Aim of the exercise: Copy out exactly the lines from the one with "バナナ正気マリナーバックヘアとボディシェーバー、Back Hair Removal" through the last line of the listing below, both included, but none of the pictures.

Dataset excerpt:
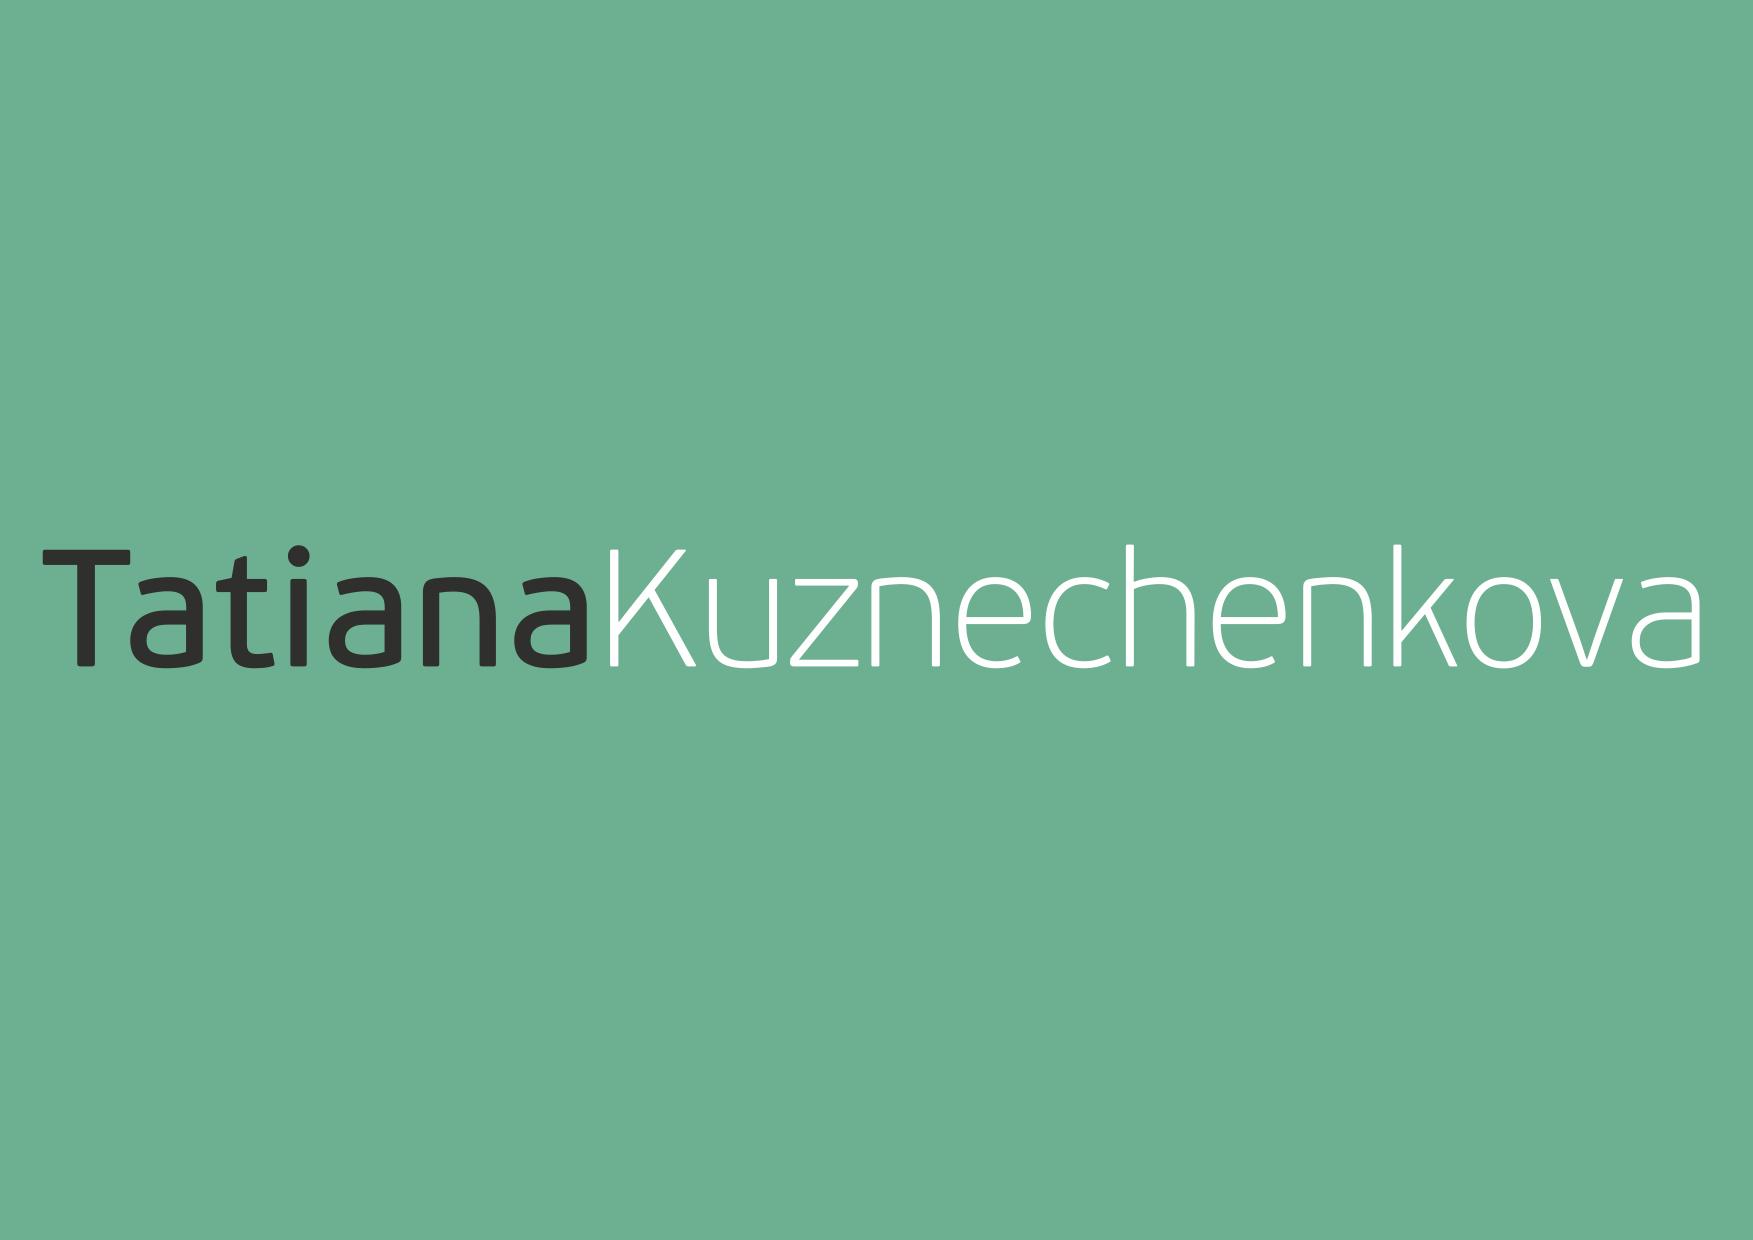 Tatiana-Kuznechenkova-Logo-03-Green
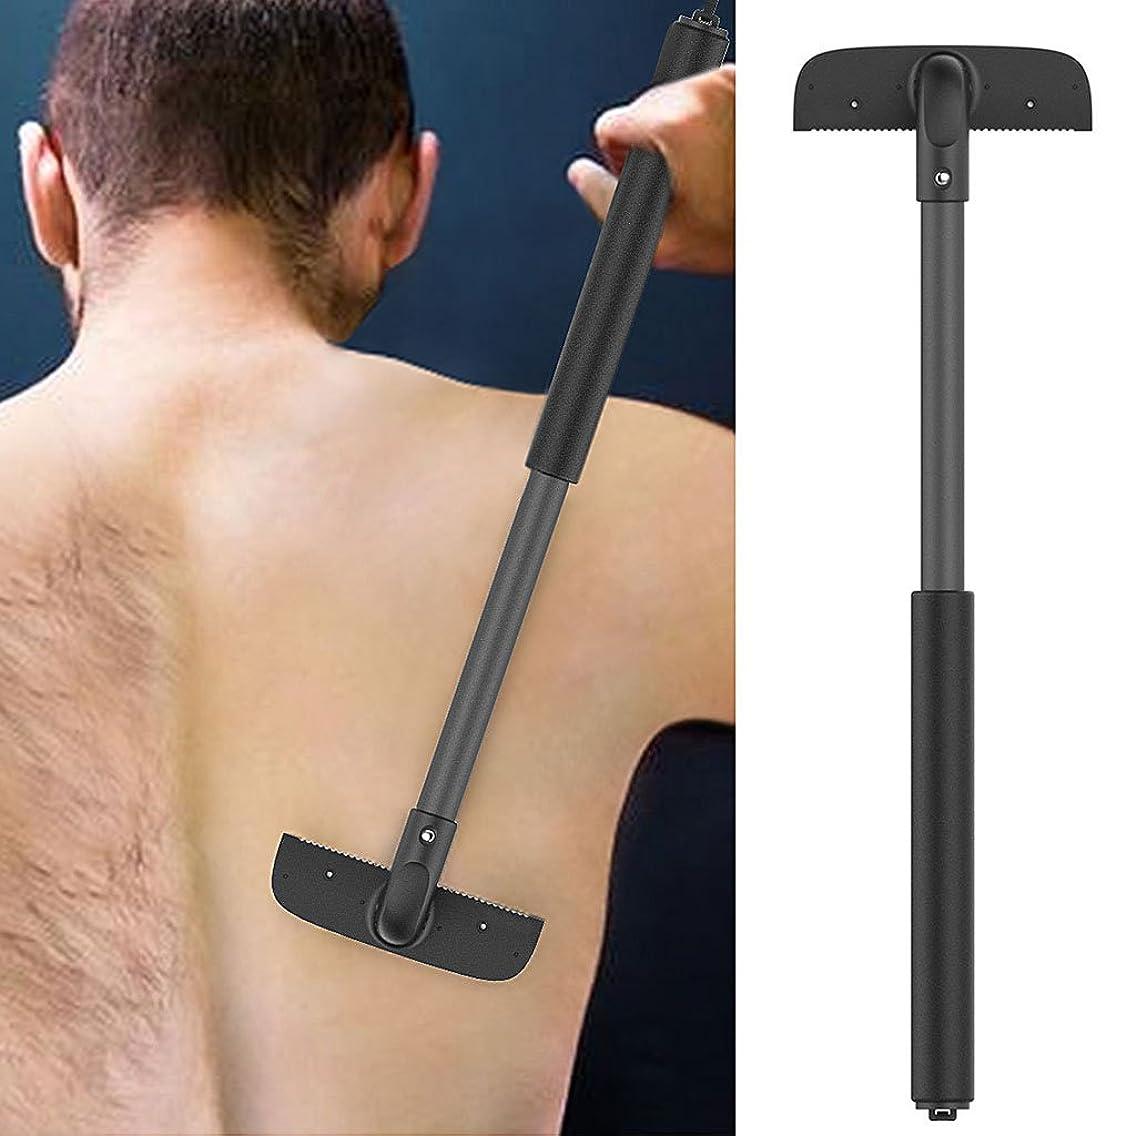 バナナ正気マリナーバックヘアとボディシェーバー、Back Hair Removal And Body Shaver,男性のための剃刀、調節可能なハンドル、伸縮可能なトリマー剃刀セルフグロマーツール
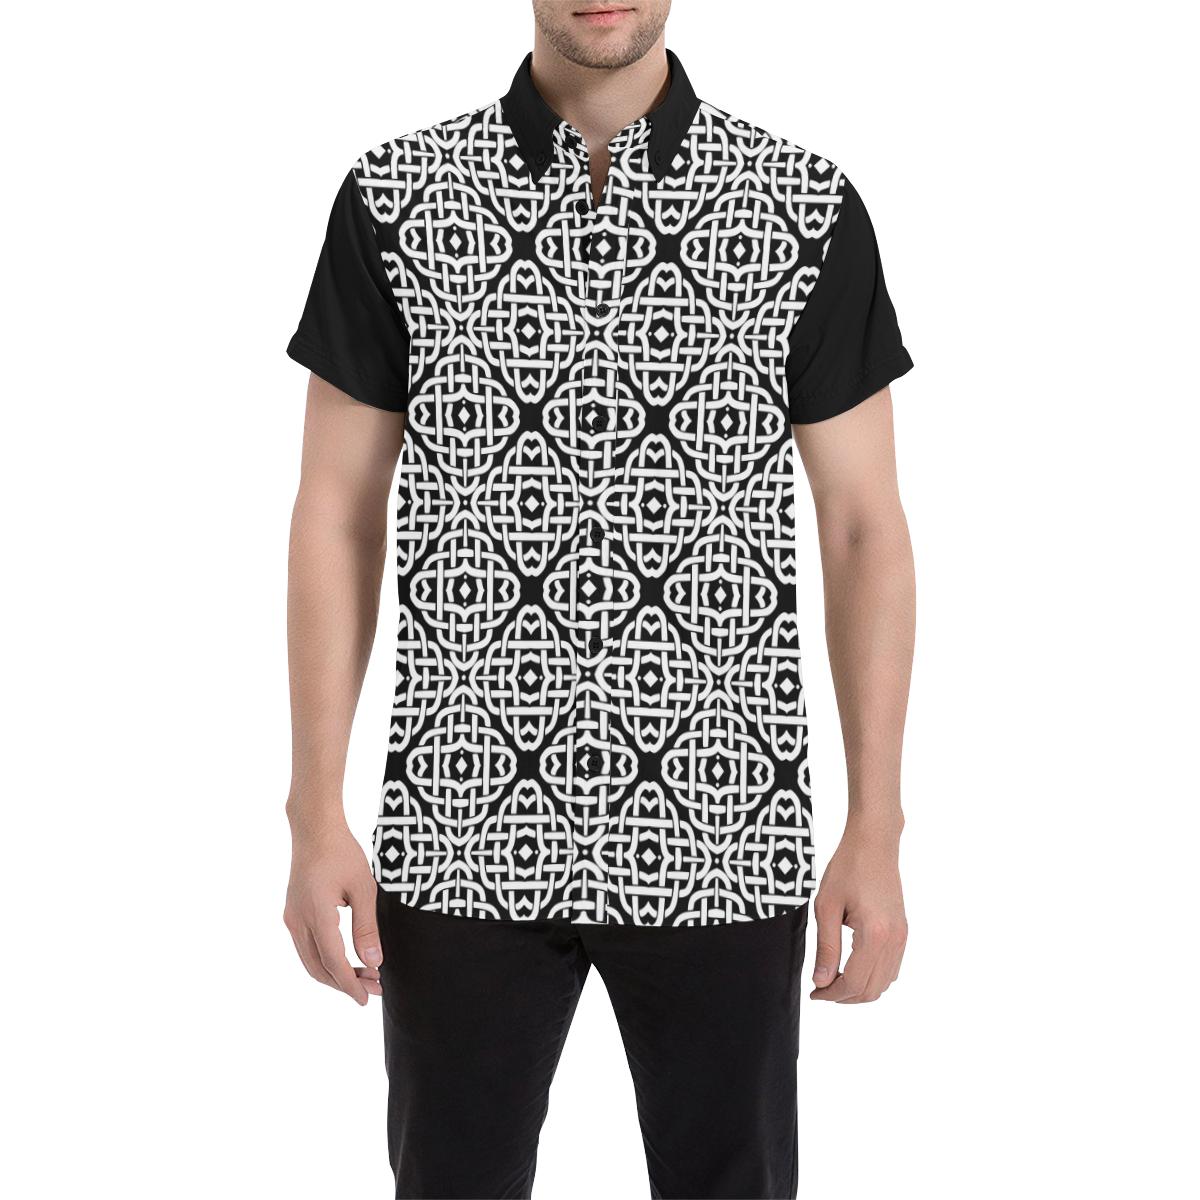 CELTIC KNOT pattern - black white Men's All Over Print Short Sleeve Shirt (Model T53)

Final answer:
 バナナ正気マリナーバックヘアとボディシェーバー、Back Hair Removal And Body Shaver,男性のための剃刀、調節可能なハンドル、伸縮可能なトリマー剃刀セルフグロマーツール
 CELTIC KNOT pattern - black white Men's All Over Print Short Sleeve Shirt (Model T53)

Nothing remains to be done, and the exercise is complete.